Two follow-up studies were conducted to provide both a replication of the increase in the N1b response and to determine whether the return towards baseline over blocks was due to depotentiation induced by repeated post-tetanus baseline stimulation. Different blocks of baseline stimulation were omitted in experiments 2 and 3 to ensure that any effect seen was not due to temporal factors. In experiment 2, baseline stimulation during post-tetanus blocks 1 and 2 was omitted. In this experiment the N1b at electrodes contralateral to the field of stimulation resulted in an increased response relative to the pre-tetanus at blocks 3 and 4 (F1,10 = 4.79, P < 0.05; see Fig. 2C). This supports the hypothesis that the decline seen in experiment 1 was due to the depotentiating effects of baseline stimulation. The increase in the N1b potential in the hemisphere ipsilateral to the tetanus also reached significance (F1,10 = 7.01, P < 0.05), a trend which is apparent in the initial experiment but was not found to be statistically reliable. No reliable change was found during the no-tetanus condition (F < 1.0).

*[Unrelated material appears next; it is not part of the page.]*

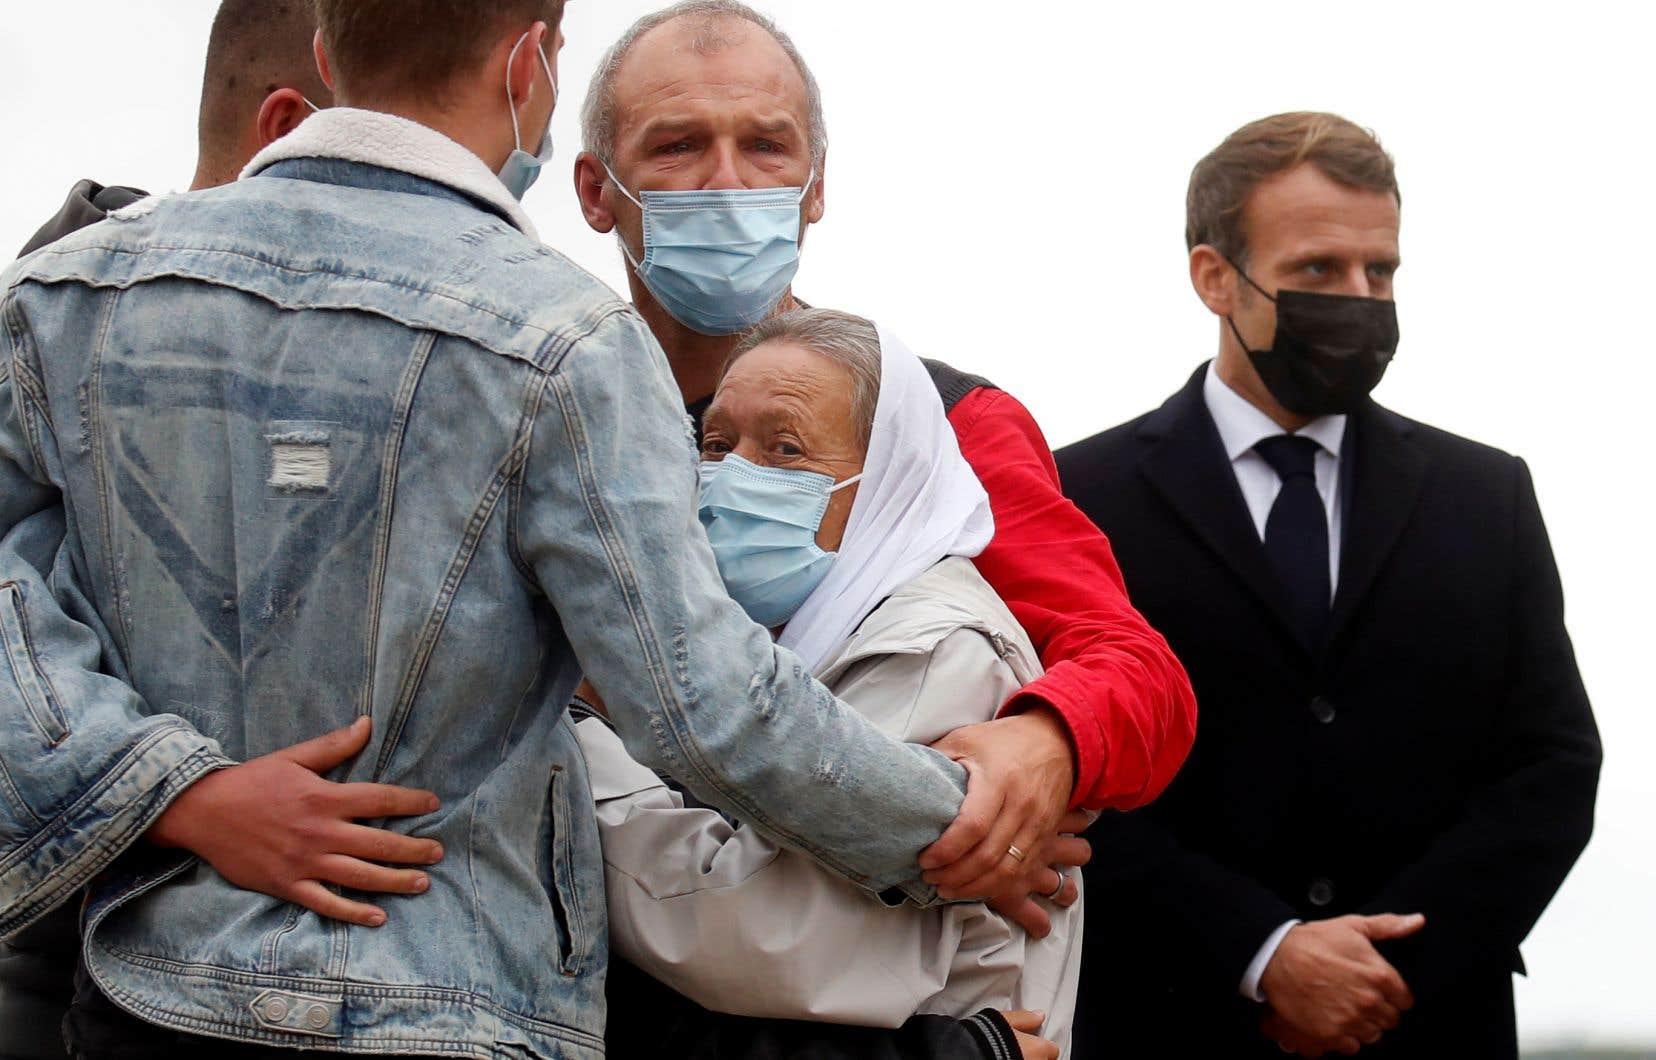 Sophie Pétronin (avec le voile blanc) a été  accueillie par  sa famille et  le président  Emmanuel  Macron à son  retour en sol français  le 9 octobre  dernier.

In experiment 3, baseline stimulation during post-tetanus blocks 2 and 3 was omitted. A significant (F1,10 = 18.52, P < 0.05) increase in N1b amplitude was found in post-tetanus blocks 1 and 4 relative to the baseline, with no significant change in the no-tetanus condition (F < 1.0). However, although the N1b amplitude in the post-4 block was still of significantly larger amplitude than the baseline (F1,10 = 6.58; P < 0.05), it was also significantly reduced in amplitude relative to the post-1 block (F1,10 = 5.4; P < 0.05). These data suggest that the repetitive baseline stimulation at low rates, used to measure the VEP amplitudes, is in itself enough to depotentiate the response.

As in experiment 2, the N1b in the hemisphere ipsilateral to the tetanus was also significantly potentiated (F1,10 = 6.17; P < 0.05. Overall, these data suggest that, although seen most reliably in the contralateral hemisphere, the lateralized photic tetanus can potentiate the N1b across both hemispheres.

Finally, it was thought that the significant increase in N1b amplitude post-tetanus might be due to changes in the distribution of the generating sources relative to the pre-tetanus condition. Thus, low-resolution electromagnetic tomography source estimation for the P100, N1a and N1b components of the ERP (identified by ICA) were performed for the pre- and post-tetanus conditions. The estimated sources for left visual field stimulation, pre- and post-tetanus (left visual field tetanus), and right visual field stimulation, pre- and post-tetanus (right visual field tetanus), are shown for the pre-tetanus and first post-tetanus blocks of experiment 1 (see Fig. 3). It can be seen that the P100 and N1a components both have a source on the midline, in the region of the striate visual cortex (approx BA17), and additional contralateral extrastriate sources. The N1b component again has sources in the midline striate region, with additional sources in both the ipsi- and contralateral extrastriate regions. Thus, the distribution of sources underlying the P100, N1a and N1b did not appear to change significantly between the pre- and post-tetanic test blocks.

Fig. 3
Results of low-resolution electromagnetic tomography source estimation for the P100, N1a and N1b components of the ERP (identified by independent component analysis) performed before and after the application of high-frequency stimulation (pre- and post-tetanic ...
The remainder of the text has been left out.